This was our third trip to India. The first was to the standard
"tourist's India": The Taj Mahal, Delhi, and Rajasthan. The
second was to Tamil Nadu, the state in the southeastern corner of the
vast sub-continent. This trip was to the northeast: Calcutta, West
Bengal, Sikkim, and then to Bhutan.
The
northern part of West Bengal and Sikkim are completely unlike the other
parts of India in every possible way. In Rajasthan, we were hounded by
merchants and touts, in Tamil Nadu we were constantly approached by
curious people of all ages. In this section of India, we were completely
and thoroughly ignored! While this was preferable to the treatment that
we received in Rajasthan, it did feel odd… and limited our ability to
interact with the residents.
The people of this region of India are of Tibetan, Lepcha, and Nepali
descent, and most are Tibetan/East Asian in appearance. They are
comparatively reserved. The architecture is influenced by Nepal and
Tibet, there are as many Buddhists as Hindus, and, particularly in
Darjeeling, the influence of the British Raj is quite evident.
Buddhism
in this region is very different from that practiced in
Thailand/Burma/Cambodia - and very different from Zen Buddhism. Stemming
from Tibetan Buddhism, this region (and Bhutan) practice Tantric
Buddhism- teaching that one should openly confront the obstacles on the
path to enlightenment. As a consequence, the visible aspects of the
religion include gruesome demons, depictions of terrible hells (both hot
and cold hells), and more of a focus on the Bodhisattvas (saint-like
demi-Gods) than Buddha.

The Journey
We
left Boston for London, where we met our friends, Tony and Erika.

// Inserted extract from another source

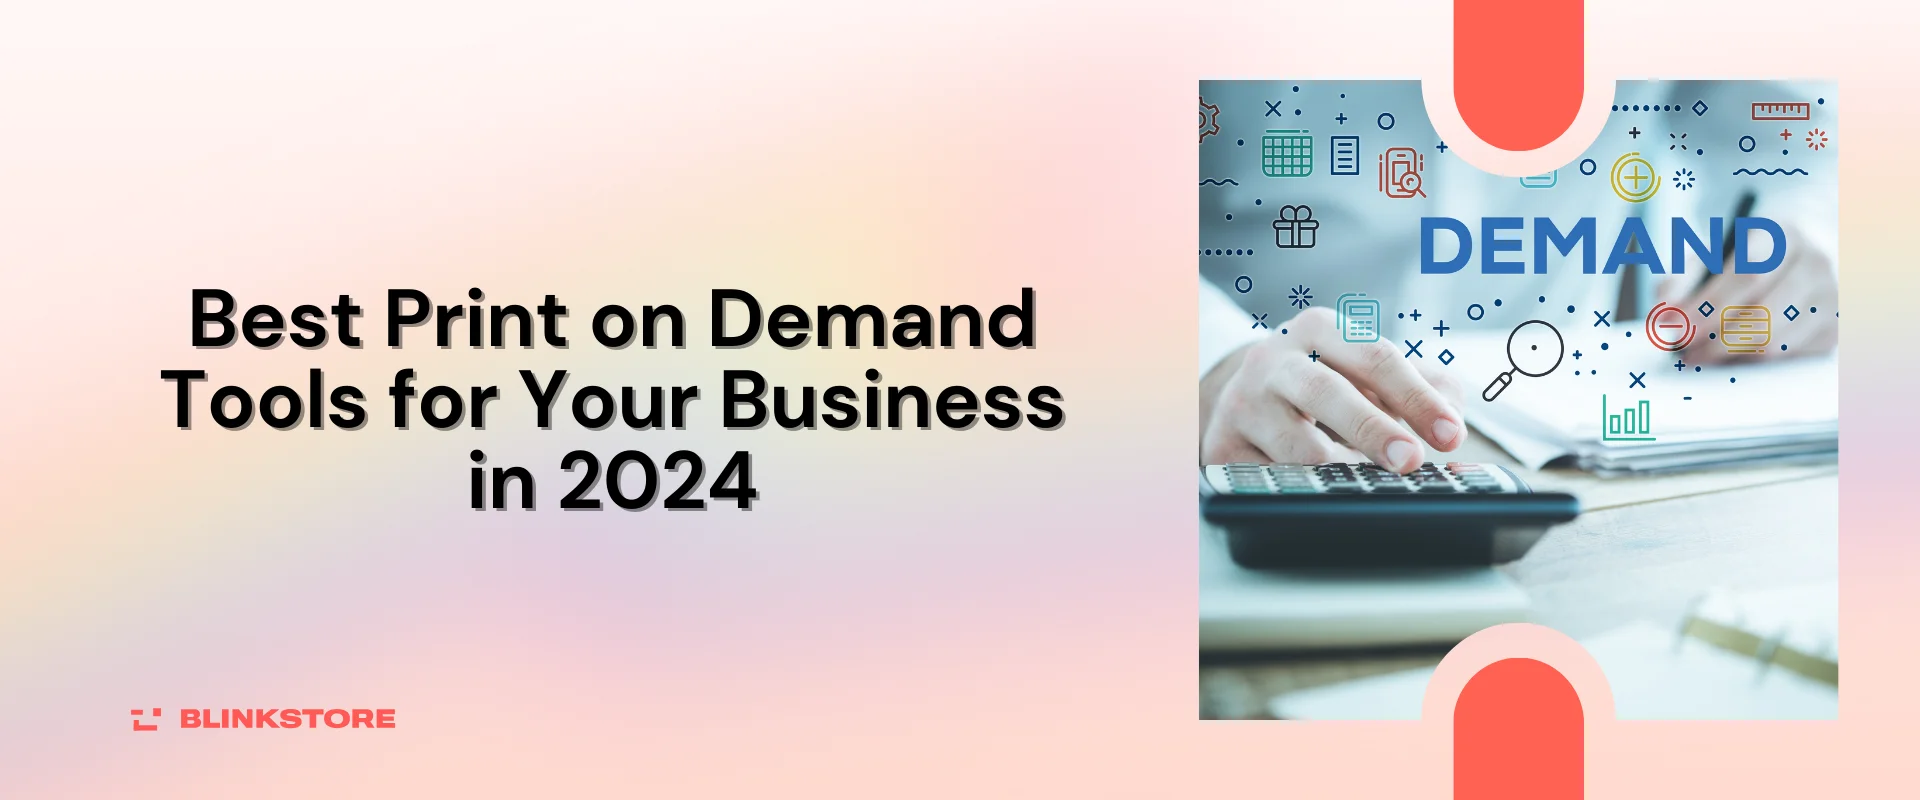 Best Print on Demand Tools for Your Business in 2024

Together we proceeded to Calcutta, then on to Darjeeling (West Bengal),
Gangtok (Sikkim), Kalimpong (West Bengal), Jaldhapara Game Park, and
then to Bhutan, crossing at the border town of Phuntsholing and then
visiting Thimpu, Punaka, Paro, and returning to Calcutta for our return
flight.
Our
first stop was Darjeeling - in the foothills of the Himalayas - an old
British 'hill station' (a place where expat Brits went to escape the
summer heat of the Indian lowlands). Darjeeling is also the center of
India's Tea growing area, producing some of the world's finest tea. It
seemed that we passed millions of acres of tea. Darjeeling is high in
the Himalayan foothills, and is surrounded by snow-capped peaks,
including Mt. Kanchenjunga (28,200 ft), the third tallest mountain in
the world. Our hotel was an old British mansion, complete with coal
fireplaces that did little to ward off the damp chill. The town itself
is "your basic small Indian city", bustling, but unfortunately
choked with
exhaust, litter, and traffic. Indian's use their car horns as sonar - a
practice often referred to by travelers as the "Egyptian Brake
Pedal". The cacophony is predominant throughout Indian cities, and Darjeeling
was no exception.
Darjeeling
is also famous for the Toy Train. Built in 1870, the 2-foot gauge
steam-powered railway is listed by UNESCO as a World Heritage Site. It's a
mecca for railroad enthusiasts who flock to Darjeeling just to ride it for
a few minutes. We were satisfied to just look at it rather than ride it.
Darjeeling also has an excellent zoo with a successful
breeding program of red pandas ('lesser panda'), Tibetan wolf, snow
leopard, Siberian tiger, Himalayan Black Bear, and Himalayan Pheasant.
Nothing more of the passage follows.